Hacker News new | ask | show | jobs
by AstralStorm 3243 days ago
This is better than RAID patrol reads only in that it also verifies file system structure periodically. And you do not necessarily have to bring down the filesystem to check even when data is in flight as long as it's driver supports online scan functionality. More than one FS does so. (XFS, btrfs and probably JFS. Not ext4 though.)

Not that online scanning makes to much sense anyway. The good filesystems verify sanity of the structure they traverse, so might as well put in a full FS read in cron. Most kinds of damage cannot be repaired on a live filesystem anyway. Even in ZFS.

2 comments

> might as well put in a full FS read in a cron

ZFS scrub is not the same thing.

If you do a full-filesystem read in a RAID system at the OS level, the redundant blocks won't be read: the RAID system will simply choose one of the copies to read based on which disk(s) is least heavily loaded at the moment. This is why reading on a 2-disk mirror is twice as fast as reading from a single one of the disks comprising the mirror.

During a ZFS scrub, all copies of every block are checked, and because the data is heavily checksummed, ZFS knows which copy is right if one of the 2+ redundant copies doesn't match its checksum.

Additionally, ZFS is structured as a Merkle tree (https://en.wikipedia.org/wiki/Merkle_tree) which avoids whole classes of ways traditional filesystems can become deranged at a structural level. ZFS always stores 3+ copies of certain types of filesystem metadata, even on a 1-disk ZFS pool, so that if one gets corrupted, it has 2+ others to choose from. When this same type of corruption happens on a traditional filesystem, well, let's just say that's why `/lost+found` exists.

> Most kinds of damage cannot be repaired on a live filesystem anyway.

See my post above, giving two anecdotes of ZFS actively repairing data on live filesystems. Both systems were in continuous use while these repairs proceeded, and no data were lost in either.

> Most kinds of damage cannot be repaired on a live filesystem anyway.

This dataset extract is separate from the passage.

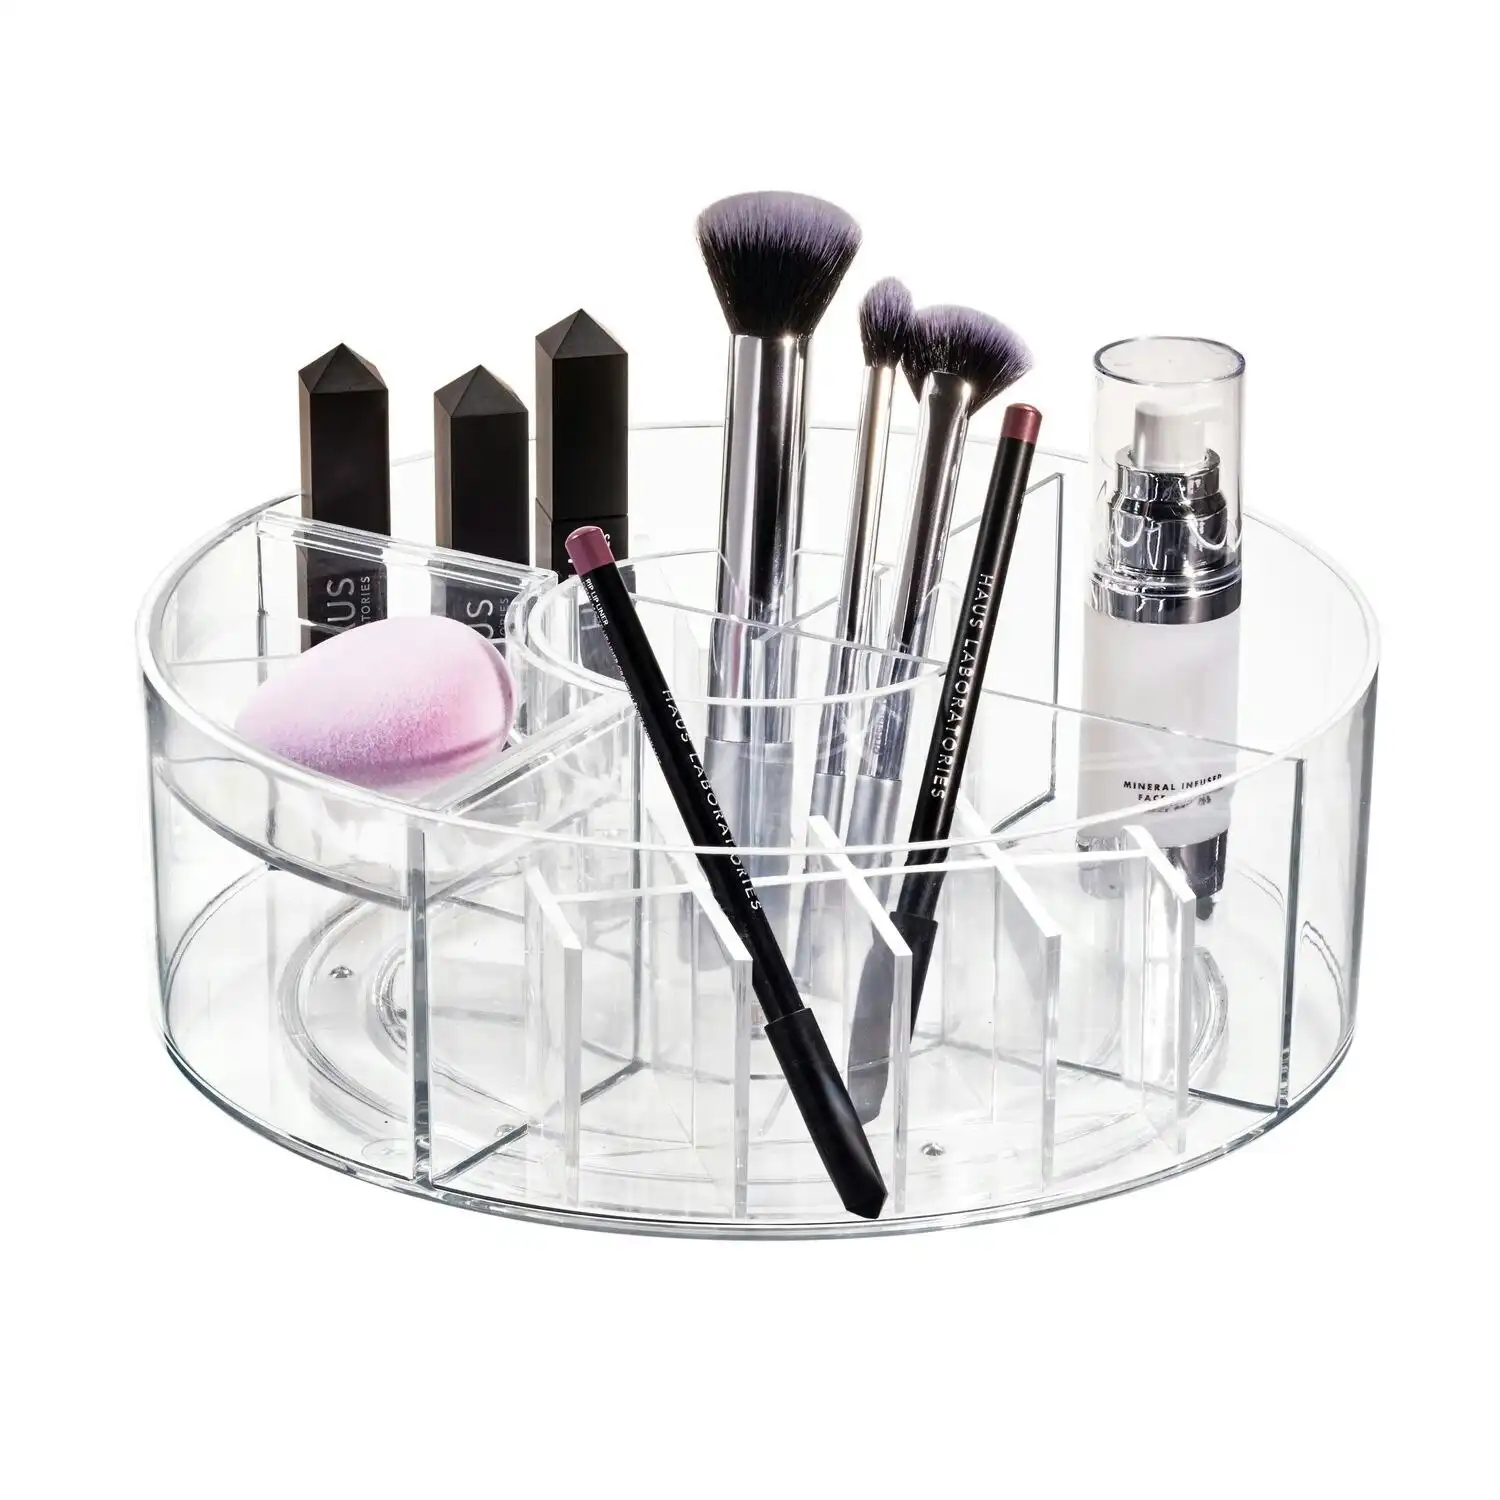 Idesign 25.4cm Cosmetic Carousel Makeup Storage Organiser Clear/Matte White

Even in ZFS.

You're totally wrong.

The easiest way to demonstrate why is for you to set up a script to randomly write zeros/junk in any amount, at any time, anywhere over one of the block devices being used by ZFS, all day every day.

[Assuming you're using one of the available forms of redundancy i.e. multiple copies, ZRAID1/2, or mirroring etc.]

Sit back and watch ZFS giving no fucks at all as it repairs all the damage passively.

You can even introduce such damage in moderate quantities across all of the block devices used by ZFS. Again, you'll see a goddamn incredible amount of self-healing going on and accurate reporting about where it's unable to recover files due to the damage across multiple volumes being too extensive.

It's unlikely that even in this extreme instance of willful massive harm to the disks you'll see the filesystem being damaged because a) filesystem metadata is checksummed too b) the metadata blocks are automatically stored twice in different places c) you also have the redundancy of multiple devices e.g. mirroring/zraid.

Try it, prove me wrong.